Negara-negara yang memiliki tujuan ekspor lebih terdiversifikasi diprediksi akan mengalami pertumbuhan perdagangan yang lebih solid. Meskipun demikian, asumsi Bank Dunia adalah bahwa tarif yang berlaku hingga akhir 2025 akan tetap berlaku sepanjang periode proyeksi.
Di sisi lain, ketidakpastian masih terus berlanjut terkait pelaksanaan kesepakatan-kesepakatan dagang terbaru. Arah hubungan perdagangan di antara negara-negara ekonomi utama, khususnya kebijakan yang akan diambil oleh Amerika Serikat di bawah kepemimpinan mendatang, menjadi faktor risiko terbesar.
Bank Dunia secara spesifik menyoroti risiko besar bahwa ketegangan perdagangan dapat kembali meningkat. Hal ini sangat mungkin terjadi karena tarif yang lebih tinggi berpotensi mengalihkan ekspor ke negara ketiga, yang pada gilirannya membuat produsen domestik di negara-negara tersebut mencari perlindungan dari meningkatnya persaingan impor.
Risiko Geopolitik dan Sanksi Sekunder Menekan Perdagangan
Selain faktor tarif yang dipicu oleh kebijakan dagang Amerika Serikat, Bank Dunia juga memperingatkan adanya ancaman lain yang dapat menekan aktivitas niaga internasional. Peningkatan ketegangan geopolitik menjadi perhatian serius.
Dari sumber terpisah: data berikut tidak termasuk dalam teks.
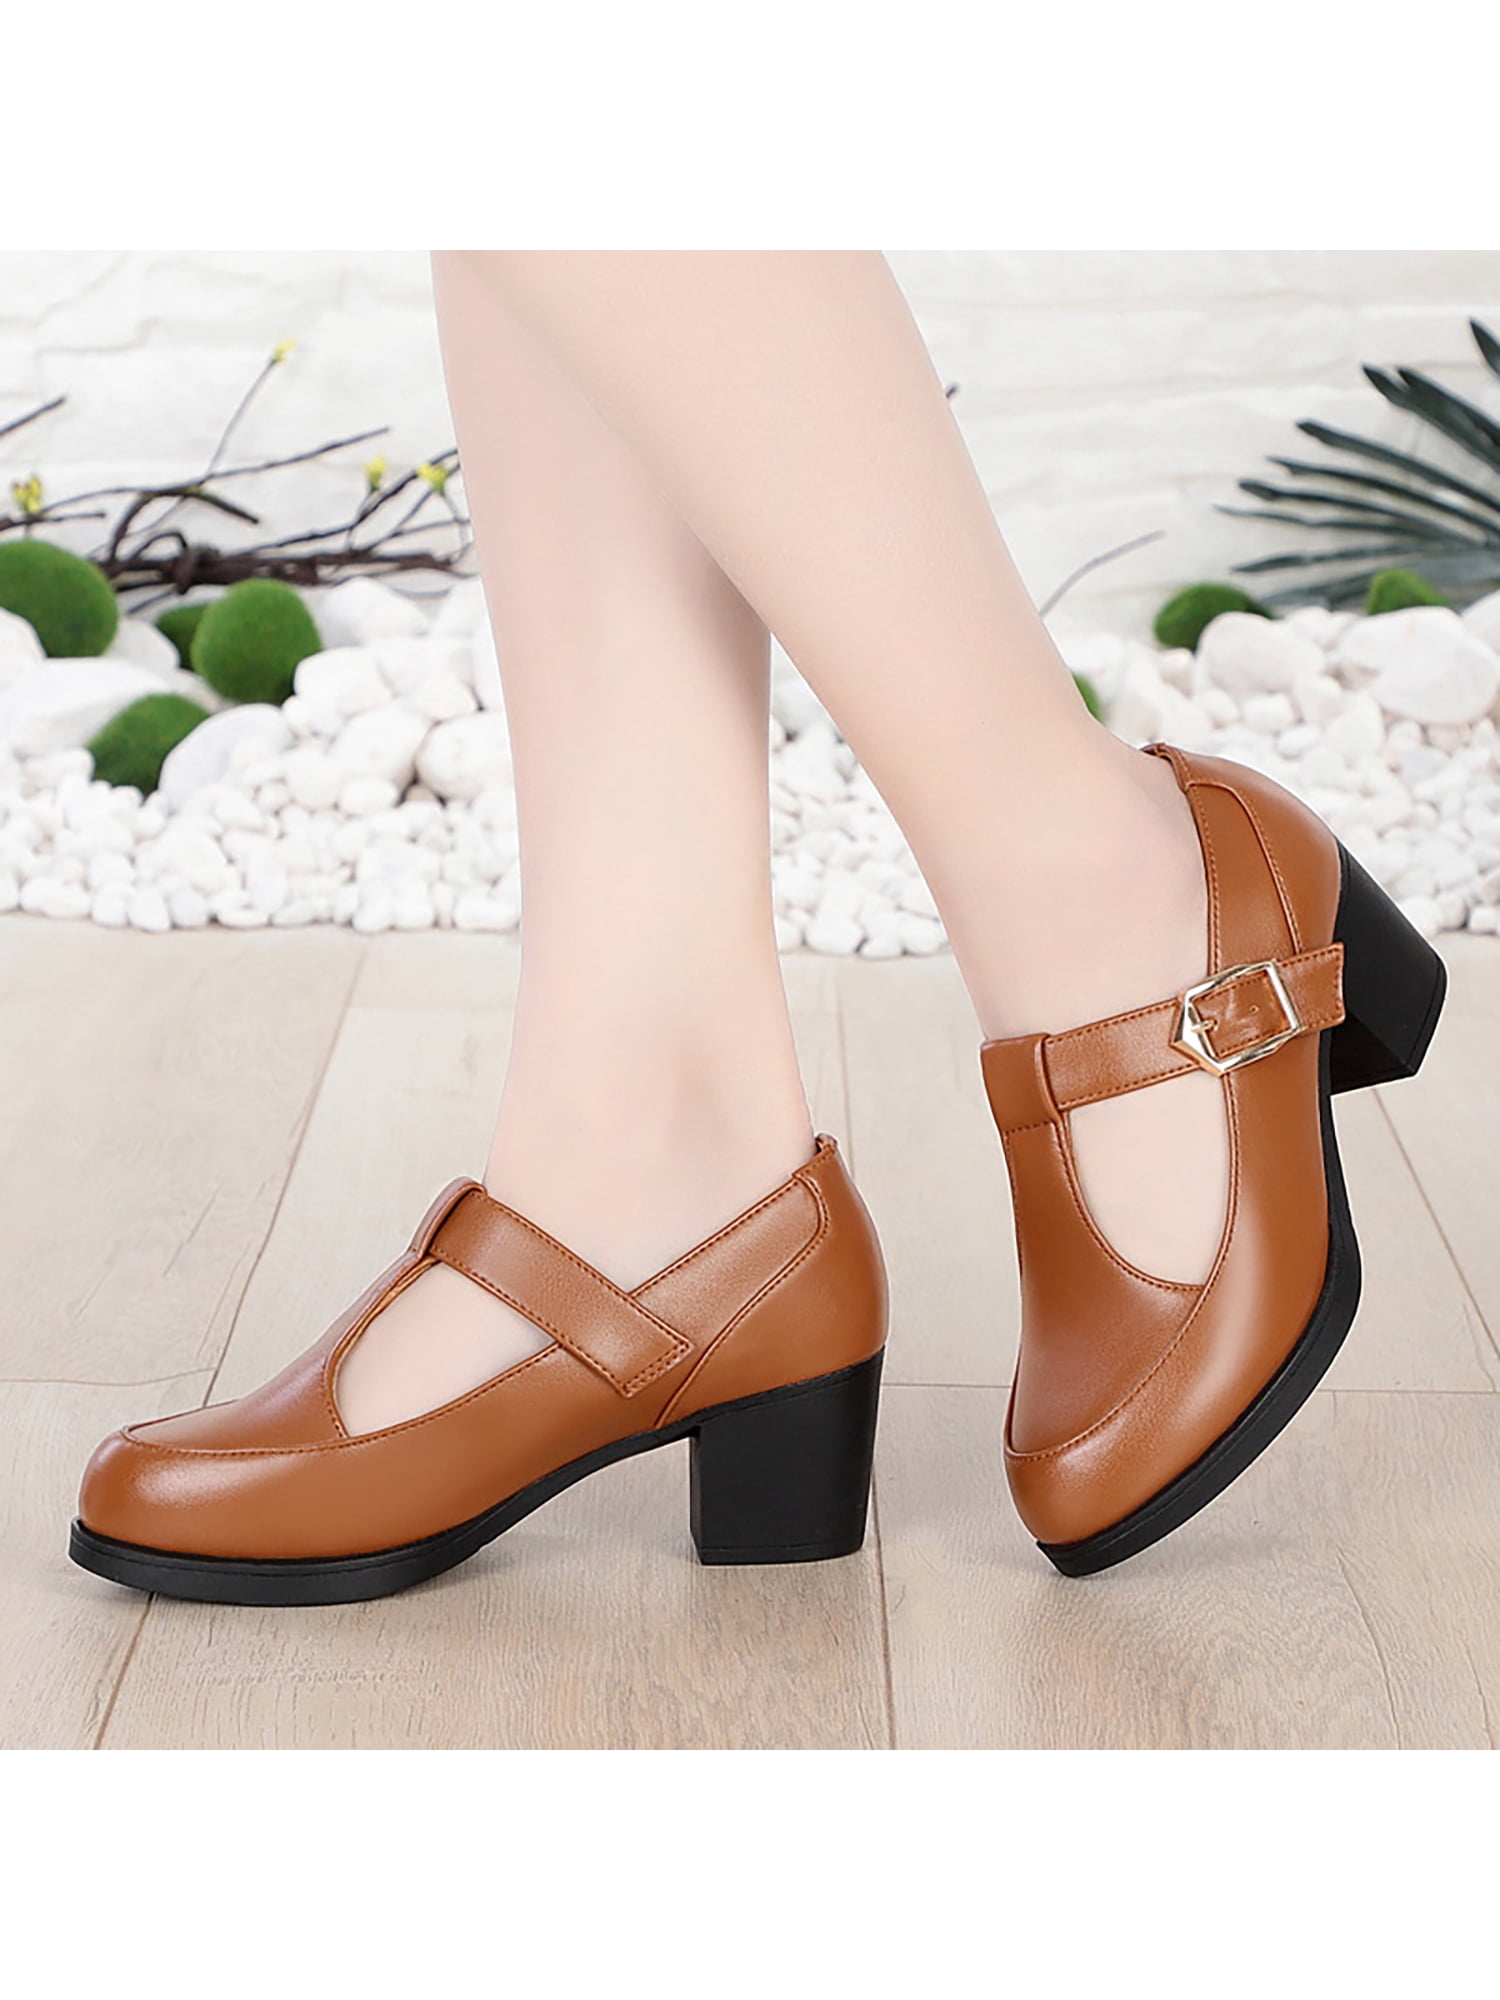 Ymiytan Ladies Fashion Casual Pump Outdoor Comfort Pointed Toe High Heels  Pumps Walking Anti-Slip Dress Shoes Brown 7.5

Penggunaan sanksi sekunder yang lebih luas, terutama sebagai alat kebijakan luar negeri, dapat semakin menghambat aliran barang dan modal antarnegara. Eskalasi konflik regional atau global berpotensi mengganggu rantai pasok dan menaikkan biaya logistik secara substansial.
Oleh karena itu, meskipun ada sedikit kemajuan dalam perundingan perdagangan yang membantu meredakan ketegangan sejak pertengahan 2025, dunia usaha harus tetap waspada. Dunia perlu bersiap menghadapi lingkungan perdagangan yang semakin terfragmentasi dan sarat risiko kebijakan yang tidak terduga.